- Theatrical poster
- Directed by: Kirio Urayama
- Written by: Akira Hayasaka; Kirio Urayama;
- Based on: The Gate of Youth by Hiroyuki Itsuki
- Produced by: Sanezumi Fujimoto; Tokuko Miyako; Hiroshi Hariu;
- Starring: Ken Tanaka; Tatsuya Nakadai; Sayuri Yoshinaga; Shinobu Otake;
- Narrated by: Shoichi Ozawa
- Cinematography: Hiroshi Murai
- Edited by: Nobuo Ogawa
- Music by: Riichirō Manabe
- Production company: Toho
- Distributed by: Toho
- Release date: February 15, 1975 (Japan);
- Running time: 188 minutes
- Country: Japan
- Language: Japanese
- Box office: ¥548 million

= The Gate of Youth (1975 film) =

1975 Japanese film

The Gate of Youth (青春の門, Seishun no mon) is a 1975 Japanese drama film directed by Kirio Urayama from a story by Hiroyuki Itsuki. A direct sequel titled Seishun no mon: Jiritsu hen (青春の門: 自立篇, transl. The Gate of Youth: Part 2), also directed by Urayama, was released in 1977.

==Premise==
Mainly the story of Shinsuke and his stepmother, ranging from Shinsuke's infancy to his mid-teens. Coal workers and the Chikuo mines dominate nearly every aspect of the life of the characters. Shinsuke's father dies while bravely using dynamite to rescue a group of trapped Korean miners. Shinsuke must then grow up without a father in a world of poverty.

==Production==
Author Itsuki and director Urayama had disagreements over the casting and plot of the first adaptation of Itsuki's series. For instance, Itsuki originally opposed the casting of Keiko Takahashi as Azusa, though he changed his mind after meeting her.

==Release==
Despite these creative differences, The Gate of Youth made ¥548 million, making it the fifth highest-grossing film at the Japanese box office in 1975.
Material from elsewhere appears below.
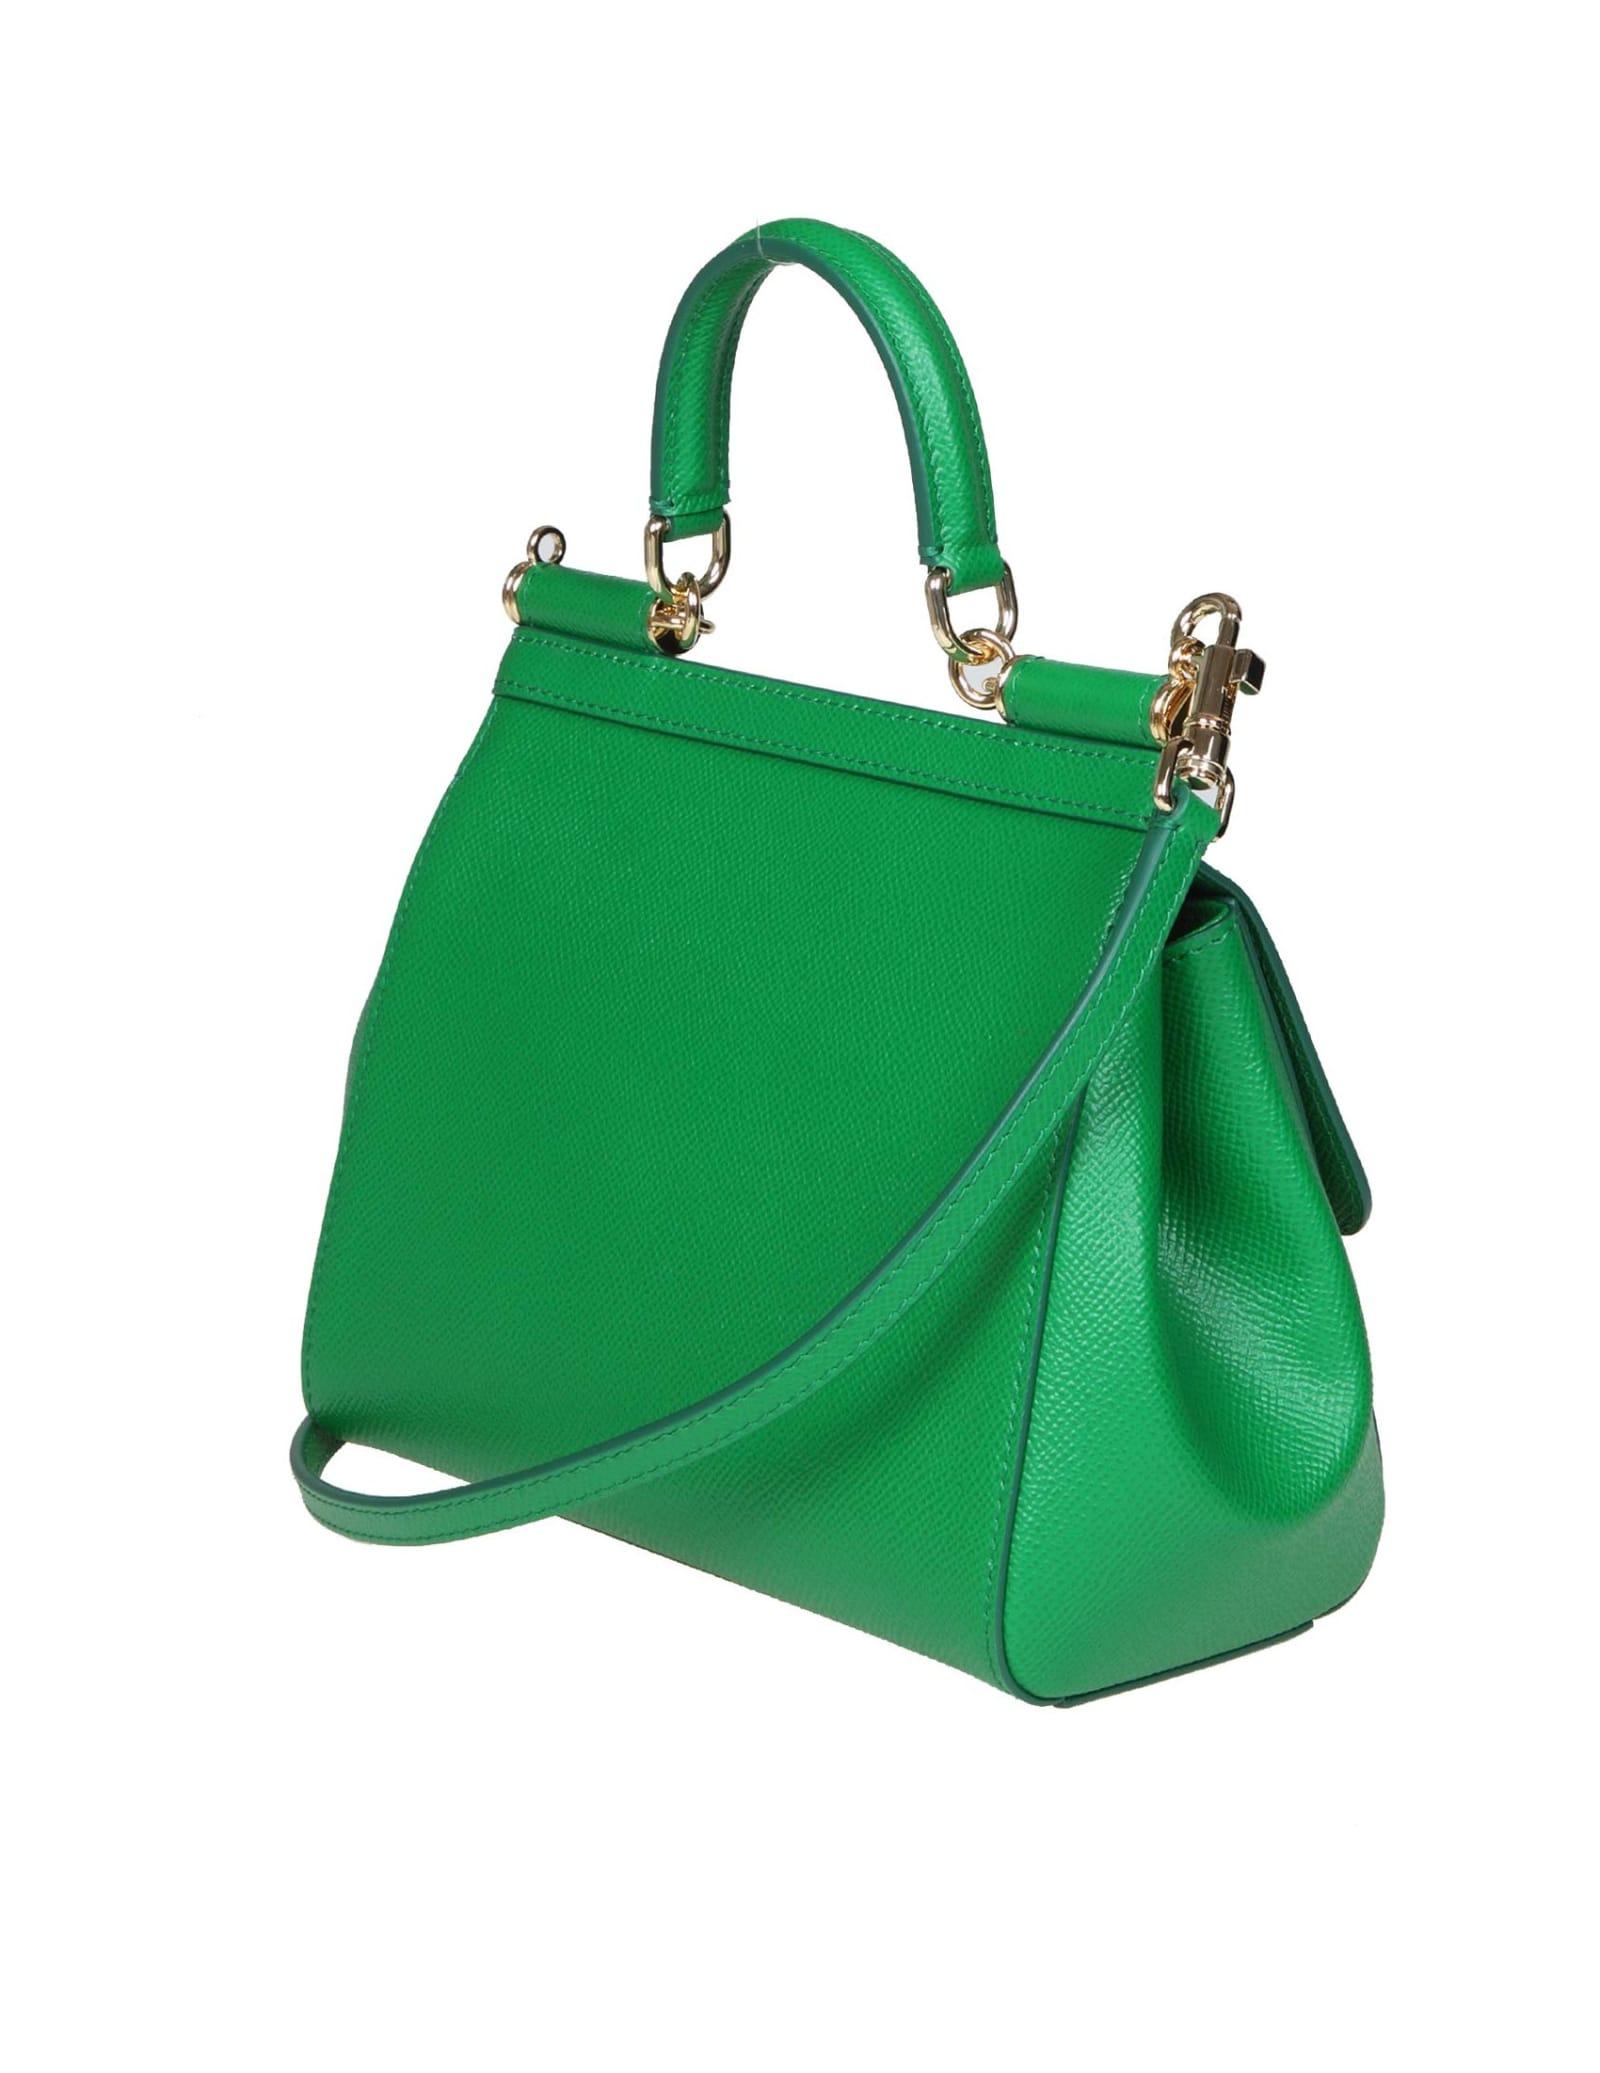 Dolce & Gabbana Small Sicily Bag - Green

A sequel titled Seishun no mon: Jiritsu hen (lit. The Gate of Youth: Part 2) was released in 1977. Though that installment was also a success, the disagreements between director and author grew too big to overcome, and a planned third installment was scrapped. Itsuki then took the series to Toei, where it was remade in 1981.